Большой каньон, чьи скалы, от дна до поверхности, охватывают значительную часть того периода, о котором мы ведем здесь речь, всего около одной мили глубиной. Если бы его геологические напластования состояли исключительно из ископаемых остатков без какой-либо другой горной породы между ними, то и тогда они смогли бы приютить примерно 1/600 всех умерших одно за другим поколений. Этот подсчет помогает нам умерять запросы религиозных фундаменталистов, требующих предъявить им “непрерывную” цепь постепенно меняющихся ископаемых, прежде чем они признают факт эволюции. У скал Земли просто нет места для подобной роскоши – их объем на много порядков меньше. С какой стороны на это ни посмотреть, лишь ничтожно малому числу созданий выпала удача стать окаменелостью. Как мне уже приходилось говорить прежде, я почел бы это за честь.
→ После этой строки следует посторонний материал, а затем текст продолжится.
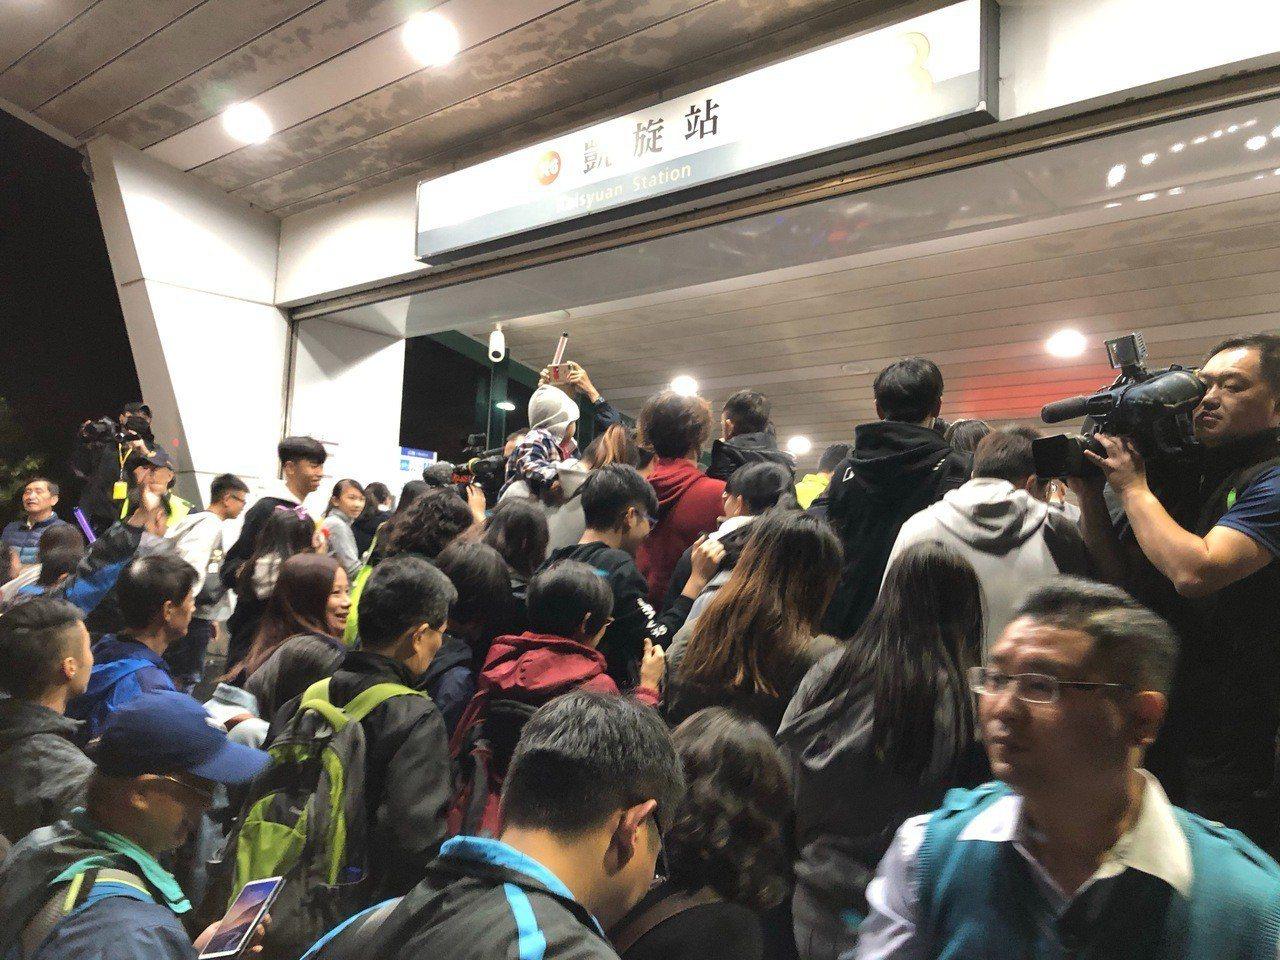 高雄捷運昨天全天運量不到40萬人次,夢時代跨年派對聲稱吸引80萬人次,高市府強調...

Количество мертвых намного превосходит число всех, кто будет жить. Ночь времен несравнимо длиннее дня, и кто знает, когда было Равноденствие? Каждый час добавляет еще к этой текущей Арифметике, которая вряд ли остается неизменной хотя бы одно мгновение… Как знать, лучшие ли из людей нам известны и не оказались ли забыты личности более выдающиеся, чем те, кого мы помним из известных нам времен?
Глава 2
Герцогская гостиная
Лучше всего прорываться сквозь анестезию повседневности получается у поэтов. Это их работа. Но слишком многие поэты в течение слишком долгого времени не замечали того, какой богатый источник для вдохновения дарует им наука. Уистен Хью Оден, ведущий поэт своего поколения, самым лестным образом симпатизировал ученым, но даже он выделял преимущественно практический аспект, сравнивая ученых с политиками (не в пользу последних), а вот поэтического потенциала науки как таковой не осознавал.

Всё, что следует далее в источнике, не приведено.